而吴懿的“大军”尚未抵达潼关,就发现关城守备森严,滚木礌石堆积如山。守将孙礼更是老成持重,任你如何鼓噪,只是谨守关隘,丝毫不为所动。疑兵之计,全然无效。
诸葛亮在中军帐中,听着魏延、赵云受阻的消息,沉默良久。他走到舆图前,手指缓缓划过北地郡那些新增的堡垒标记,又点了点潼关。“司马懿……竟能将防御做到如此滴水不漏,甚至预判了我军的出击方向。” 一股强烈的警惕感在他心中升起。此人之能,远超曹真、张合,实乃生平未见之大敌!
第一次隔空交手,两位绝顶谋士的奇兵尽数钝折,未掀波澜。战场,再次回到了正面僵持的泥潭。一种无形的、令人窒息的压力,笼罩在两军上空。
秋去冬来,凛冽的寒风如同刀子般刮过渭水平原。对于对峙的数十万大军而言,严寒比敌人的刀剑更为可怕。
曹魏一方,皇帝曹叡坐镇长安城外大营,最初的锐气已被消磨殆尽。僵持带来的不仅是巨大的物资消耗,更是多方告急的战报:
宛城方向:徐庶、关平指挥荆州军,频频出襄樊,北侵南阳,兵锋威胁宛城,搅得中原腹地不得安宁。
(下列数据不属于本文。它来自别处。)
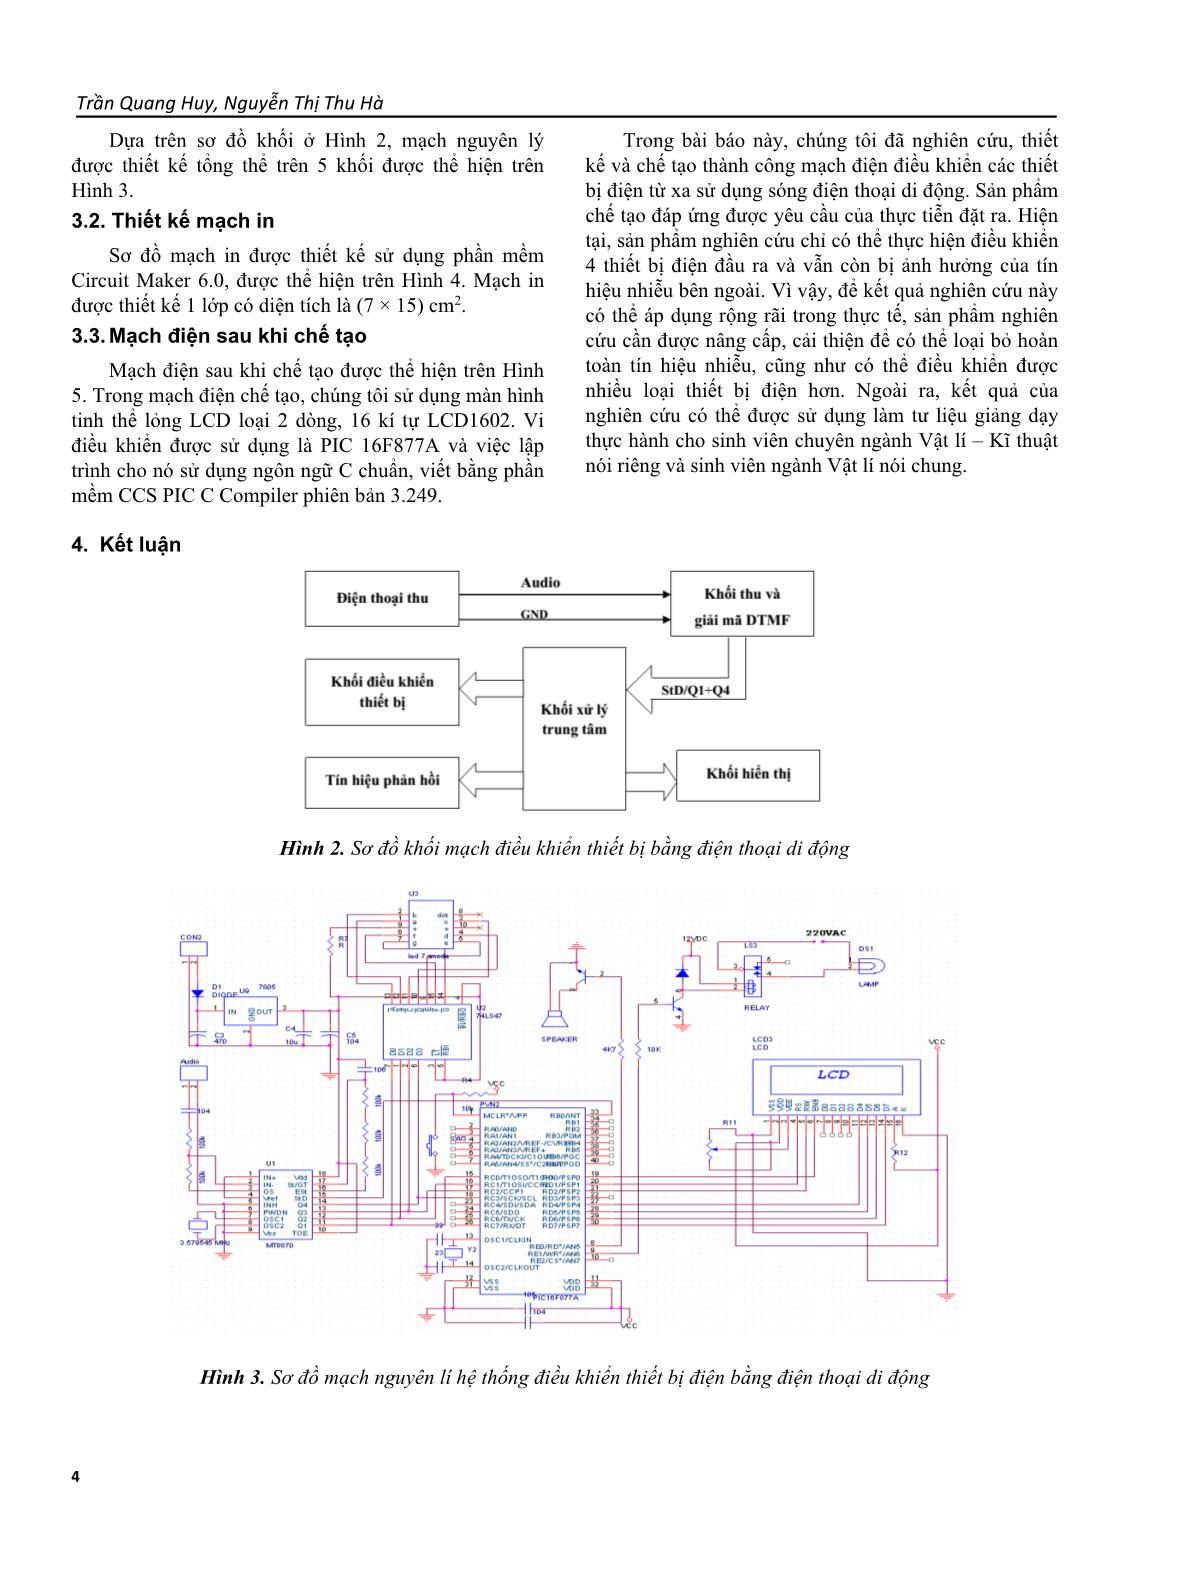 Nghiên cứu thiết kế, chế tạo mạch điều khiển thiết bị điện bằng điện thoại di động trang 4

合肥方向:太尉陆逊督率江东水陆军,不断攻击濡须口,并遣兵袭扰寿春、六安等地,扬州刺史疲于奔命。
内部压力:二十万大军的每日消耗堪称天文数字,从中原各州郡转运粮草,路途遥远,民夫怨声载道,朝廷内部要求撤军、先定内患的呼声日渐高涨。
曹叡年轻的脸庞上写满了疲惫与焦虑,他召来司马懿,揉着额头:“仲达,长安久攻不下,四方皆战,粮草转运维艰……莫非真要空耗国力于此?不如暂且退兵,稳固兖豫,再图后计?”
司马懿目光深邃,躬身道:“陛下,诸葛亮亦在苦苦支撑。此刻退兵,则前功尽弃,长安永归蜀矣!且示弱于敌,恐其气势更盛。然多方骚扰,确需应对。请陛下下旨,令曹休、满宠等加强宛城、合肥守备,采取守势,挫敌锐气即可。长安之战,臣必寻得破绽!”
然而,蜀汉一方同样不好过。诸葛亮虽预料到后勤压力,但实际情况比想象的更糟。